# changes, 1.16

• The location of Macaulay2's emacs files has changed from site-lisp to site-lisp/Macaulay2, so users, after installing this version of Macaulay2, may once again need to run setupEmacs (or setup).
• new packages:
• SimplicialPosets, a package by Nathan Nichols for constructing Stanley simplicial poset rings, has been added.
• SlackIdeals, a package by Amy Wiebe and Antonio Macchia for slack ideals of polytopes and matroids, has been added.
• PositivityToricBundles, a package by Andreas Hochenegger for checking positivity of toric vector bundles, has been added.
• SparseResultants, a package by Giovanni Staglianò for computations with sparse resultants, has been added.
• DecomposableSparseSystems, a package by Taylor Brysiewicz, Jose Israel Rodriguez, Frank Sottile, and Thomas Yahl for solving decomposable sparse systems, has been added.
• MixedMultiplicity, a package by Kriti Goel, Sudeshna Roy, and J. K. Verma for mixed multiplicities of ideals, has been added.
• ThreadedGB, a package by Sonja Petrovic, Sara Jamshidi Zelenberg, and Tanner Zielinski for computing a Groebner basis using the classical Buchberger algorithm with multiple threads, has been added.
• PencilsOfQuadrics, a package by Frank-Olaf Schreyer, David Eisenbud, and Yeongrak Kim for Clifford algebras of pencils of quadratic forms, has been added.
• VectorGraphics, a package by Paul Zinn-Justin for producing scalable vector graphics, has been added.
• packages that have been published and certified:
• DeterminantalRepresentations, a package by Justin Chen and Papri Dey for computing determinantal representations, has been published.
• Seminormalization, a package by Karl Schwede and Bernard Serbinowski for computing seminormalization of rings, has been published.
• SumsOfSquares, a package by Diego Cifuentes, Thomas Kahle, Pablo A. Parrilo, and Helfried Peyrl for sums of squares, has been published.

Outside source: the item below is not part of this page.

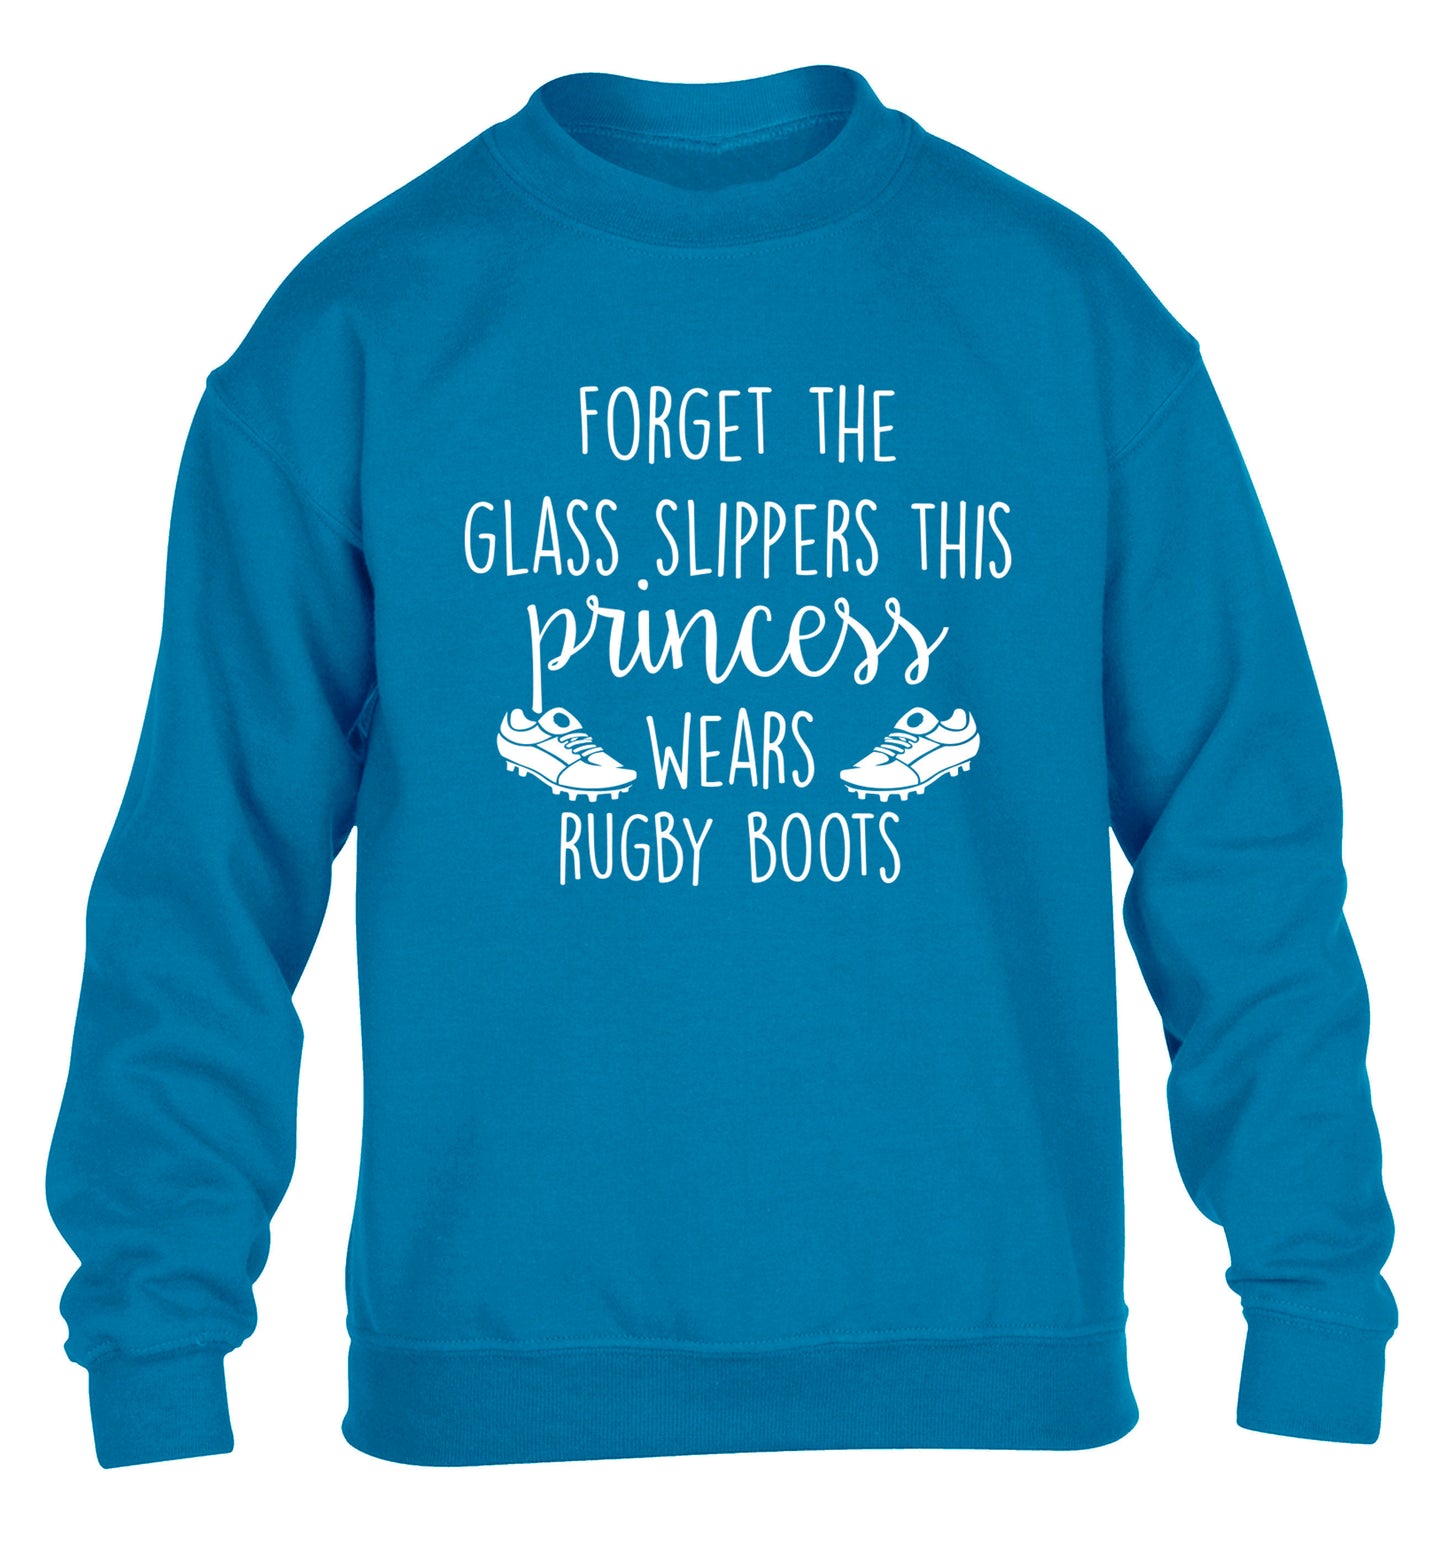 Forget the glass slippers this princess wears rugby boots children's blue sweater 12-14 Years

• The CompleteIntersectionResolutions package now has an implementation of the dual of the (infinite) Tate resolution of any module over a complete intersection $R$ as a finitely generated module over $R[t_1..t_c]$, the ring of Eisenbud operators. As a byproduct, this gives another method for computing the global $Ext_R(M,N)$. Also implemented layered resolutions (in the sense of Eisenbud-Peeva) of Cohen-Macaulay modules over $R$.